Financial Services – capital resource evaluation analysis, treasury options, revenue cycle, business intelligence and actuarial expertise.
Information Systems and Technology – meaningful use of health IT, data center management, data warehousing, software applications, hardware configurations and emerging technologies, data security and patient confidentiality.
SIH’s participation in the BJC Collaborative does not involve a change in ownership of SIH’s assets or governance. SIH remains intact with opportunities to reduce costs and improve care quality as well as clinical and service performance.
The BJC Collaborative also enables SIH to connect to the St. Louis, MO health care market, where many of its patients are referred for tertiary and quaternary medical care, and specifically to work more closely with BJC HealthCare.
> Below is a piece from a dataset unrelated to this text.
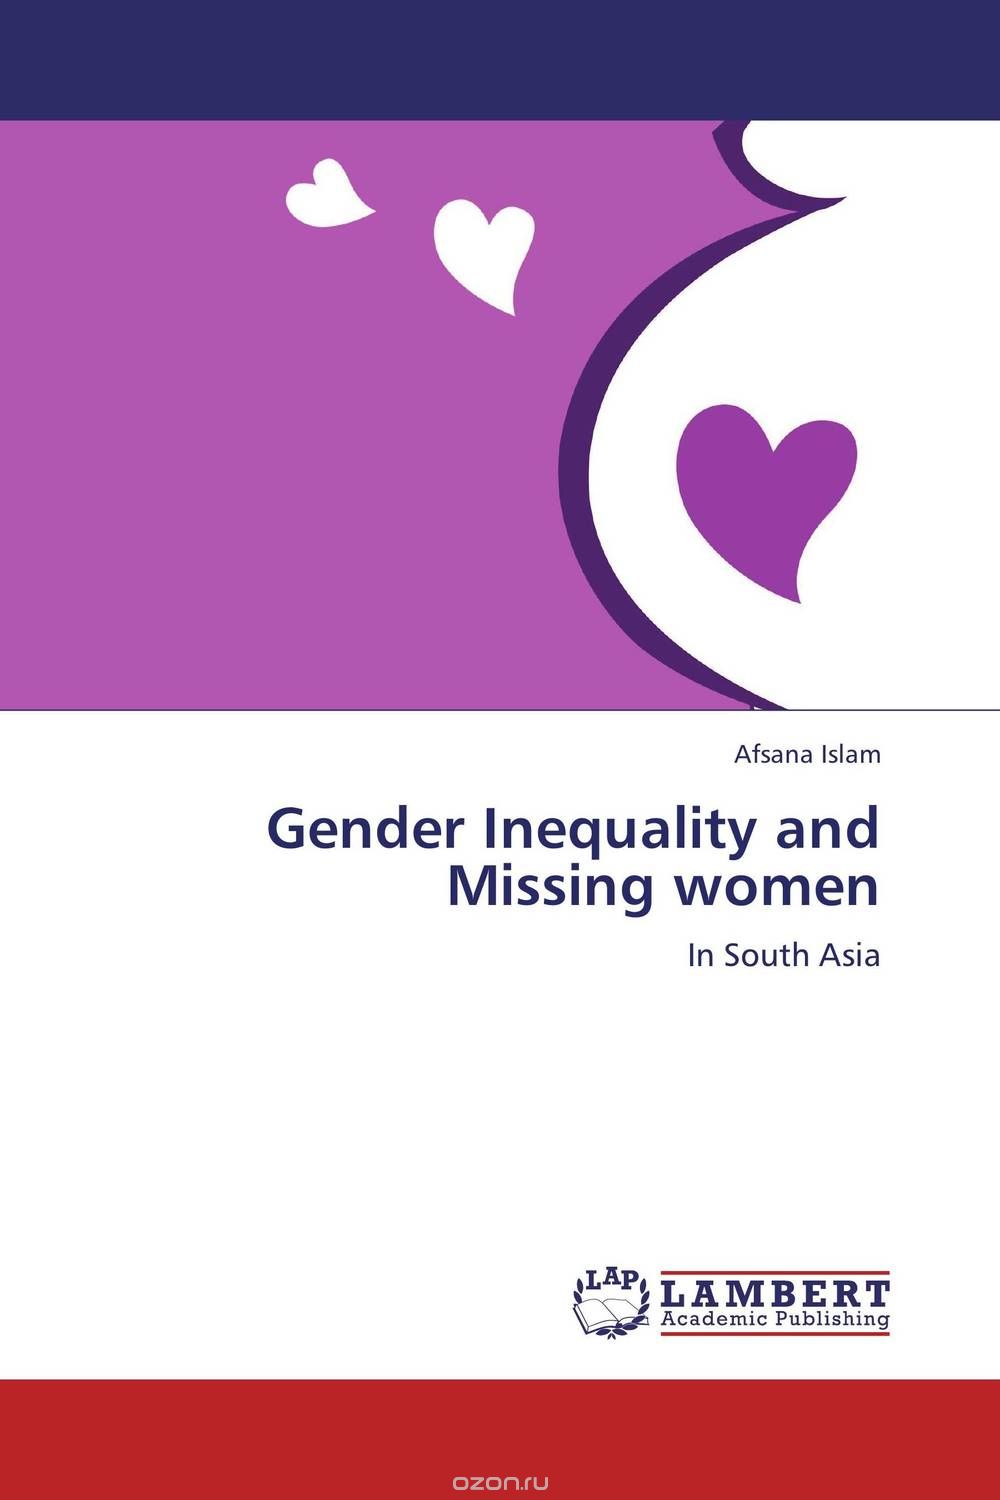 Скачать книгу "Gender Inequality and Missing women"

BJC HealthCare includes Barnes-Jewish Hospital, an academic medical center affiliated with Washington University School of Medicine.
No. SIH has not discussed a merger with the BJC Collaborative members. Instead, the Collaborative signals a commitment to work together under a structure that allows each participant to maintain its unique identity, to preserve its independence, and to serve the health care needs of its local communities. At the same time, the participants can derive both the quality of care and financial benefits that come from being part of a larger Collaborative enterprise. The participants will be able to share services, costs and best practices where possible, while remaining independent systems.
SIH anticipates that the work of the Collaborative will be transparent to patients, families and the people who take care of them. Initially, the focus will be to capture opportunities to reduce or share costs in areas such as supplies, energy management, contracted services, equipment purchasing and maintenance and information technology hardware and infrastructure. SIH will participate in leadership roundtables to share best practices in areas such as regulatory compliance and employee lifelong learning and professional development. SIH will work with the Collaborative to find new approaches to improving patient care and service and making SIH’s facilities even safer places to receive medical care.
SIH looks forward to providing Southern Illinois physicians the opportunity to collaborate in the development of clinical programs and services with their colleagues at BJC Healthcare.
7. Exactly how will this affiliation lead to better patient care? Reduced costs?
The participants in the Collaborative, such as BJC HealthCare and SIH, have achieved superior quality scores in a number of clinical service areas. Comparing different approaches and measuring patient-specific outcomes will help SIH determine what works best and how to replicate best practices in SIH’s facilities.
8. Are you creating a new, combined group purchasing organization?
No. SIH and the other systems in the Collaborative are already members of Voluntary Hospitals of America (VHA.) However, to the extent that the participants can adopt those standards for certain products, supplies and equipment and coordinate the timing of these purchases, there may be additional opportunities for savings.
9. Will you have one Electronic Medical Record platform with the other participants in the Collaborative?
Not in the near future. Participants in the Collaborative have made sizeable investments in different software applications. However, over time, it is possible that a common EMR platform will be one of those areas of focus, so the participants may migrate to common solutions for mutual benefit.
The founding members of the BJC Collaborative will determine whether to invite additional health systems to join. SIH is pleased with the invitation to participate.
11. Does this mean SIH will not partner with any other health care providers in the future?
SIH will always look for appropriate relationships to work with others who share their goal to take great care of the patients they serve. We have worked with other organizations in a less formal structure on issues and will likely continue to do so in the future.